### TASK ITEM
Please output the line containing "A two part image" and all lines that follow it in the data below, exactly, with no pictures.

### DATA EXTRACT
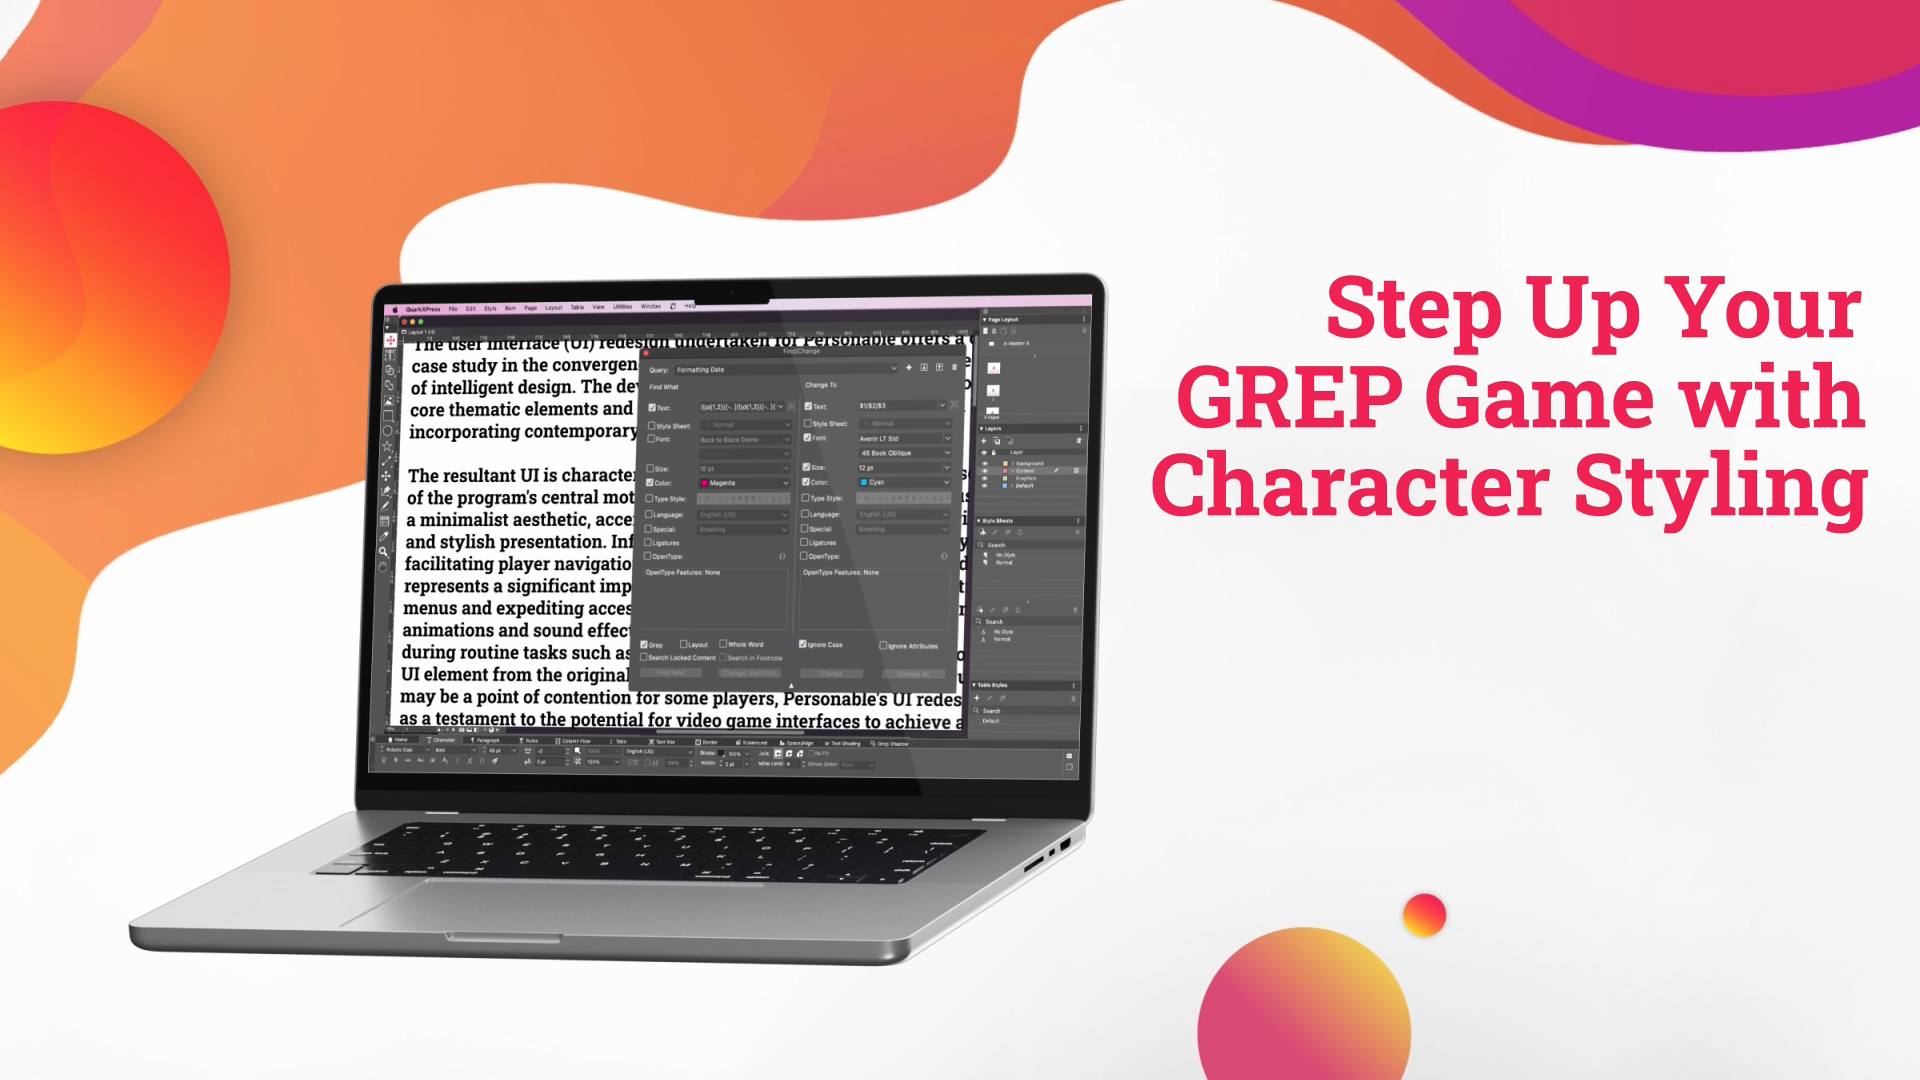 Step Up Your GREP Game with Character Styling
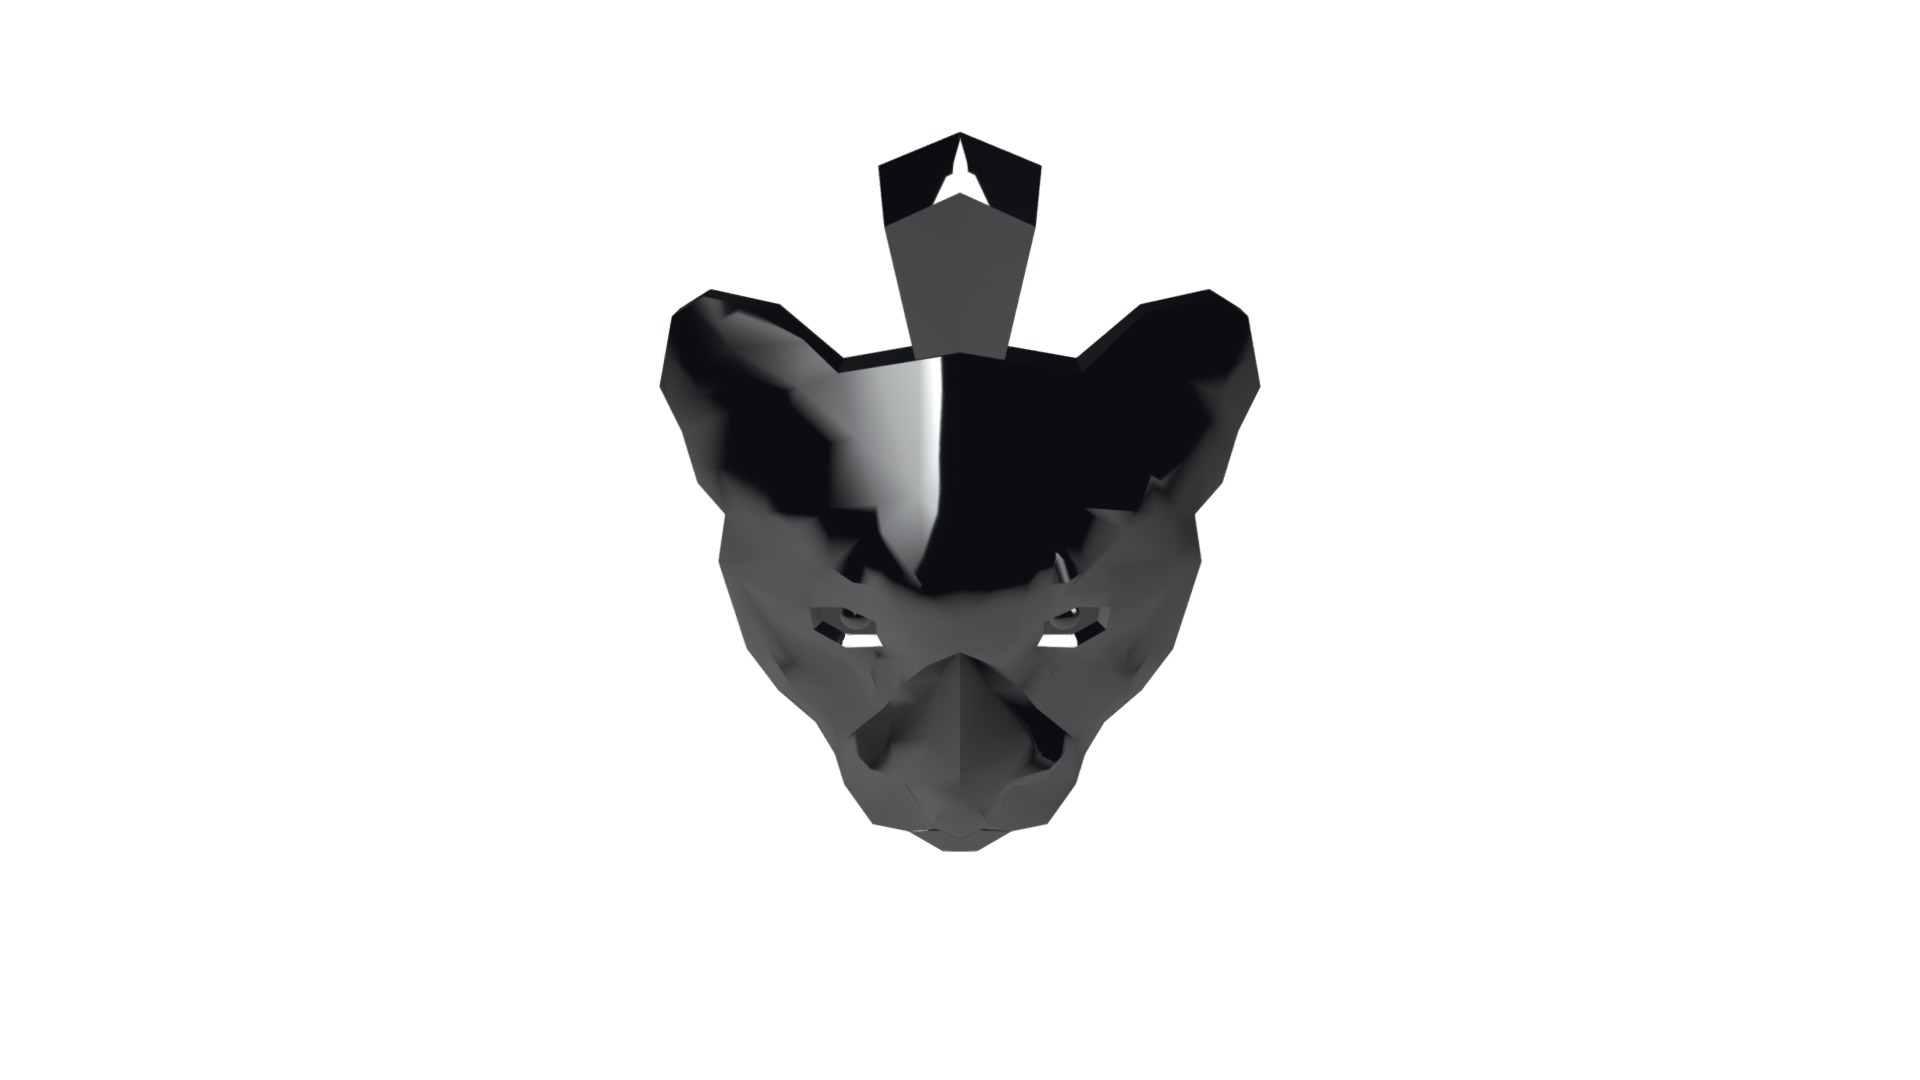 3D model Geometric Puma - This is a 3D model of the Geometric Puma. The 3D model is about a hand with a black and white cube on it.
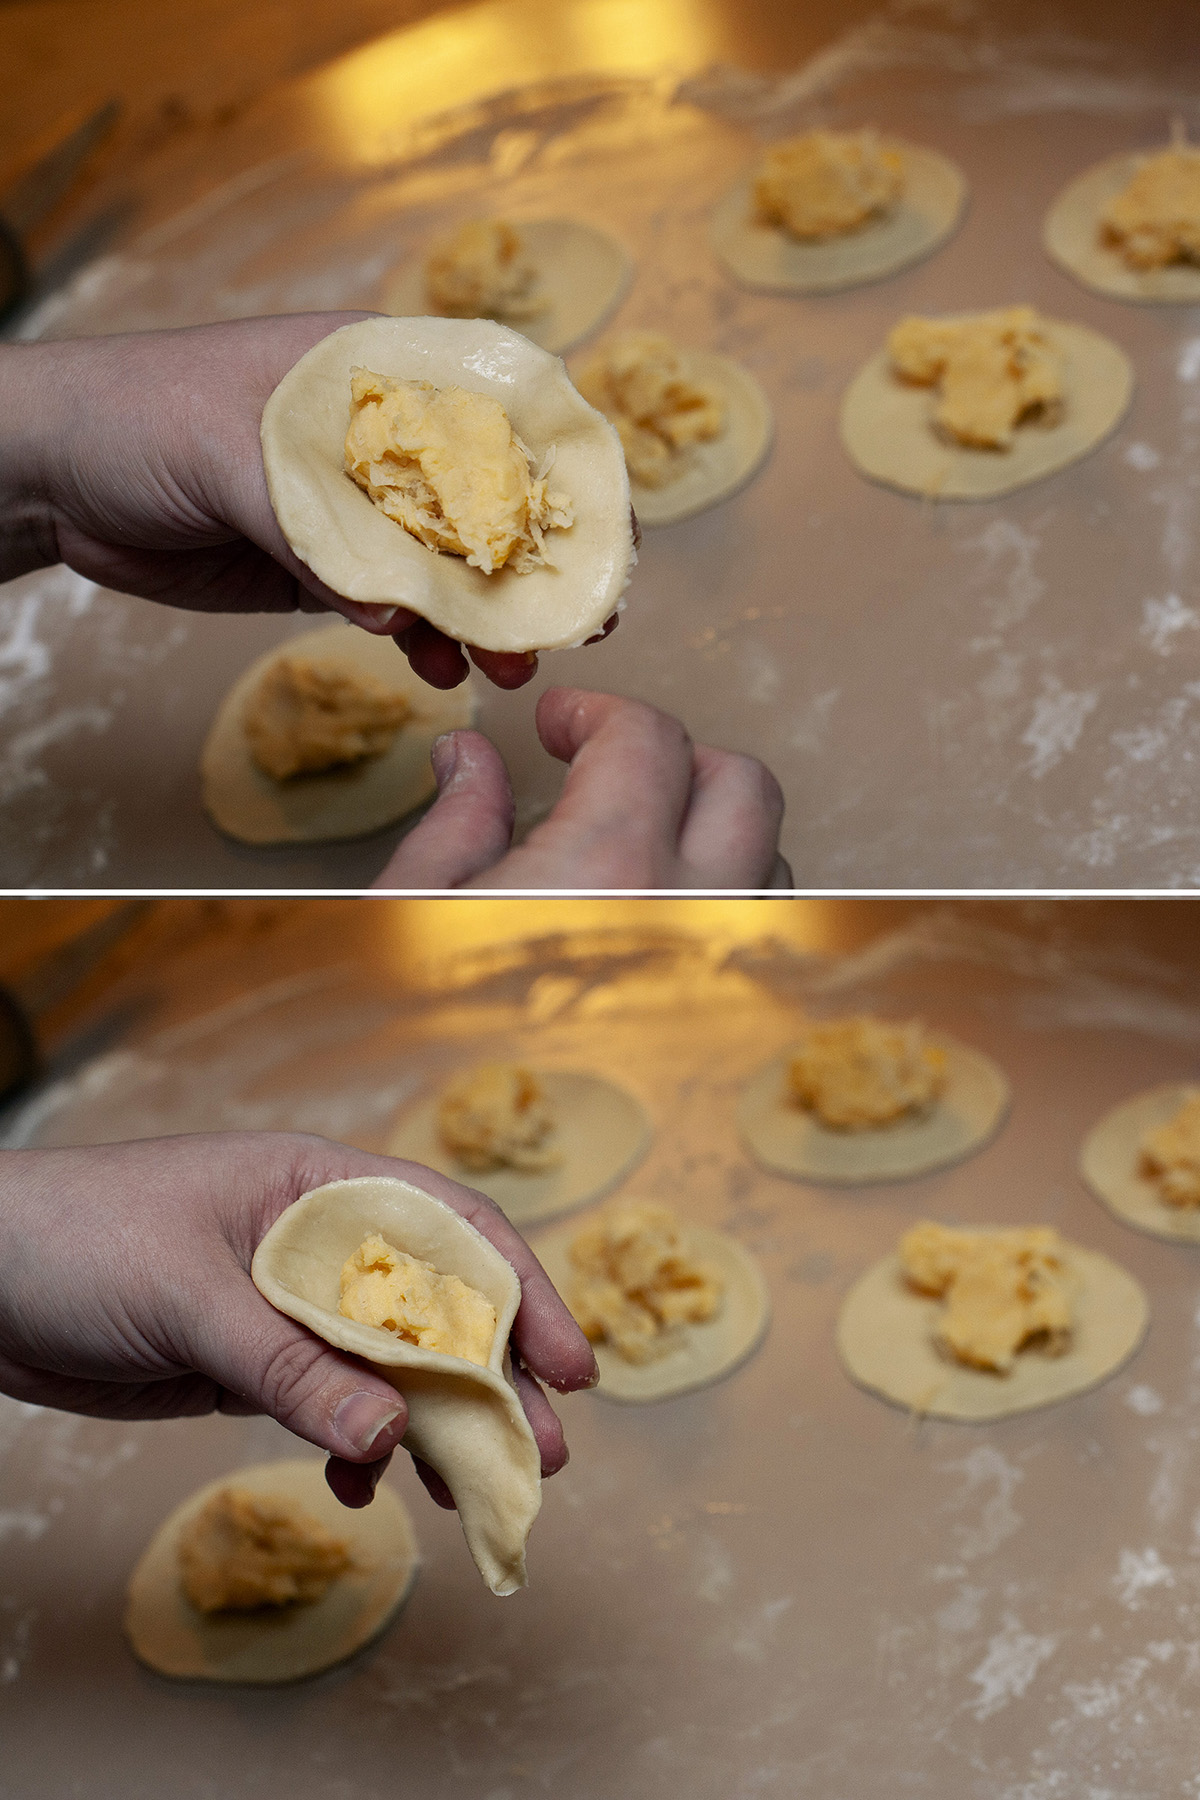 A two part image showing a gluten free pierogi being formed, as described.
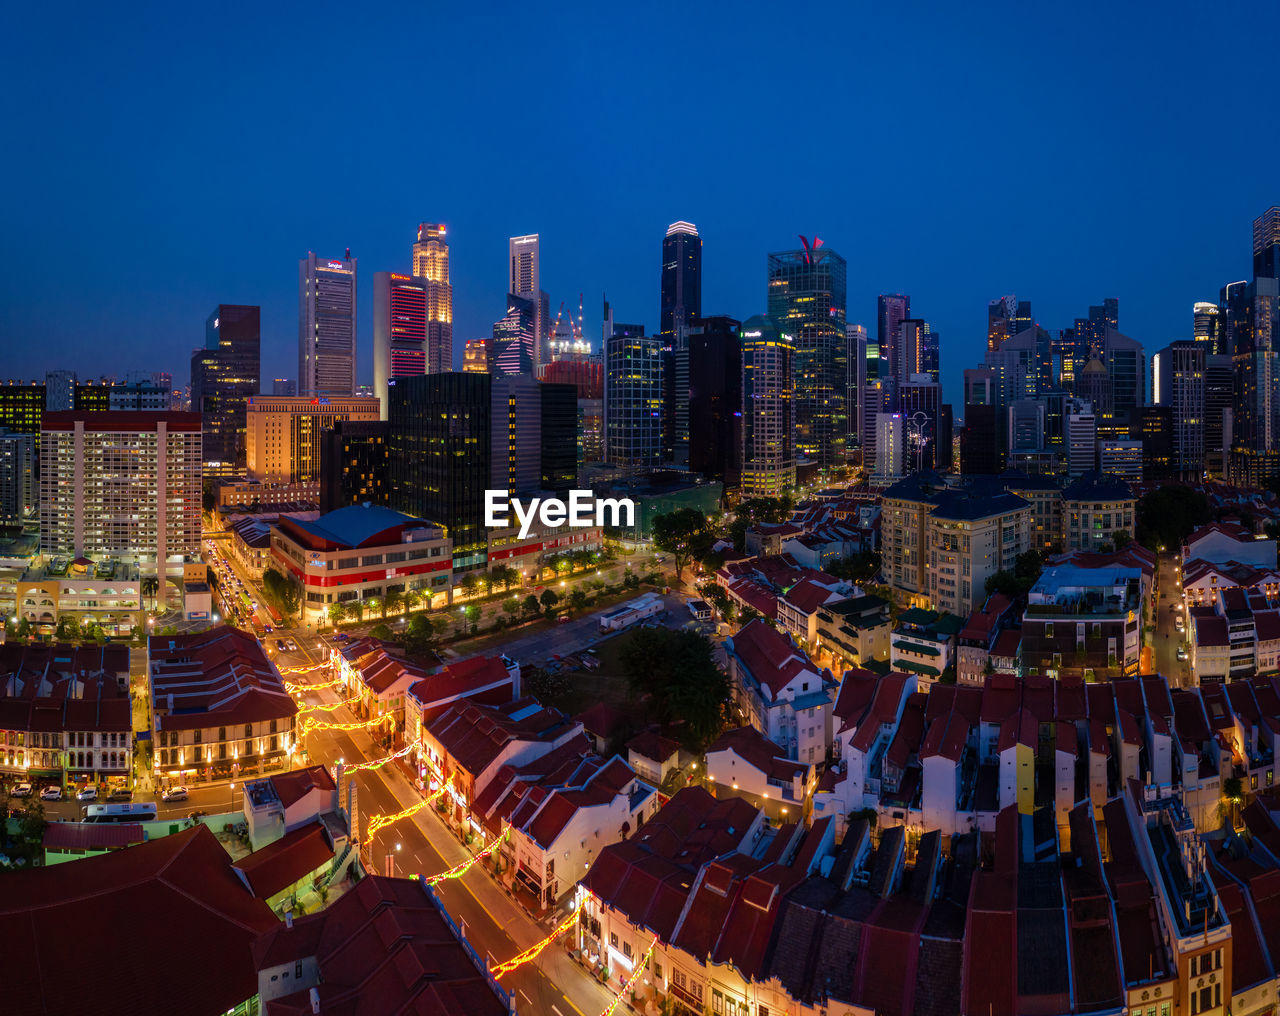 Aerial view of illuminated chinatown buildings in singapore city at night

### ANSWER TO THE EXERCISE
 A two part image showing a gluten free pierogi being formed, as described.
 Aerial view of illuminated chinatown buildings in singapore city at night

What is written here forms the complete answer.